◆ **Task item**
Reproduce the section of the listing that begins at the line containing "12 amp corded" and finishes at the line containing "multi colored crayons". Include both end lines and nothing beyond them.

◆ **Entries provided**
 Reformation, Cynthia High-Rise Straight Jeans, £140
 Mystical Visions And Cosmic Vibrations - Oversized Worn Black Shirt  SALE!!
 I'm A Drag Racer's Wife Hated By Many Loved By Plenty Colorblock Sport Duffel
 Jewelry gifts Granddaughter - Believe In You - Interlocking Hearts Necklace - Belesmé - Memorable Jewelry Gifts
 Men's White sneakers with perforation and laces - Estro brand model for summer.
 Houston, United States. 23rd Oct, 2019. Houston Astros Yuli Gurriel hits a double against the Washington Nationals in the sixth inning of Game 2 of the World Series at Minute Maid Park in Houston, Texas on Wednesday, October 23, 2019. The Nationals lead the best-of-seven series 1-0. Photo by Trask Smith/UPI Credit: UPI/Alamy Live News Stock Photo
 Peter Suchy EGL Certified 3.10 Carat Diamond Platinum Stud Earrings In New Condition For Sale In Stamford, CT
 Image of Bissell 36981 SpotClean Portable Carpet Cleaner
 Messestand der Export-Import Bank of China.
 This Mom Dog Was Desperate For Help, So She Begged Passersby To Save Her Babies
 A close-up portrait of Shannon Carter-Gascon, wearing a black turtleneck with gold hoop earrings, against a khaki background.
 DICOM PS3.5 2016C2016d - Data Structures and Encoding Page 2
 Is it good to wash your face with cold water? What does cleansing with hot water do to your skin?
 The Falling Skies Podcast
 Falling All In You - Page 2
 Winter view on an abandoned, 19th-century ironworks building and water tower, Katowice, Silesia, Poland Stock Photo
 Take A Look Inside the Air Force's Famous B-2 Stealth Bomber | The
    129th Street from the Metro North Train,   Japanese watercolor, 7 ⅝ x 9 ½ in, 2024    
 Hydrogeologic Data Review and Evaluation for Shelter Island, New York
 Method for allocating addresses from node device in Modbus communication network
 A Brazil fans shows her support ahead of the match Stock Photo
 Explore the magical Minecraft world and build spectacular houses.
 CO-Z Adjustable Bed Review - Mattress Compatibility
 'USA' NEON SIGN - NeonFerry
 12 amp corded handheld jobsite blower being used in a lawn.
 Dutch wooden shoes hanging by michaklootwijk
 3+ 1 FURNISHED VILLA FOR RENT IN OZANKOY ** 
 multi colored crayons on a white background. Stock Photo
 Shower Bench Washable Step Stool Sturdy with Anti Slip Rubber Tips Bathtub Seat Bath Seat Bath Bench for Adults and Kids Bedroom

◆ **Result**
 12 amp corded handheld jobsite blower being used in a lawn.
 Dutch wooden shoes hanging by michaklootwijk
 3+ 1 FURNISHED VILLA FOR RENT IN OZANKOY ** 
 multi colored crayons on a white background. Stock Photo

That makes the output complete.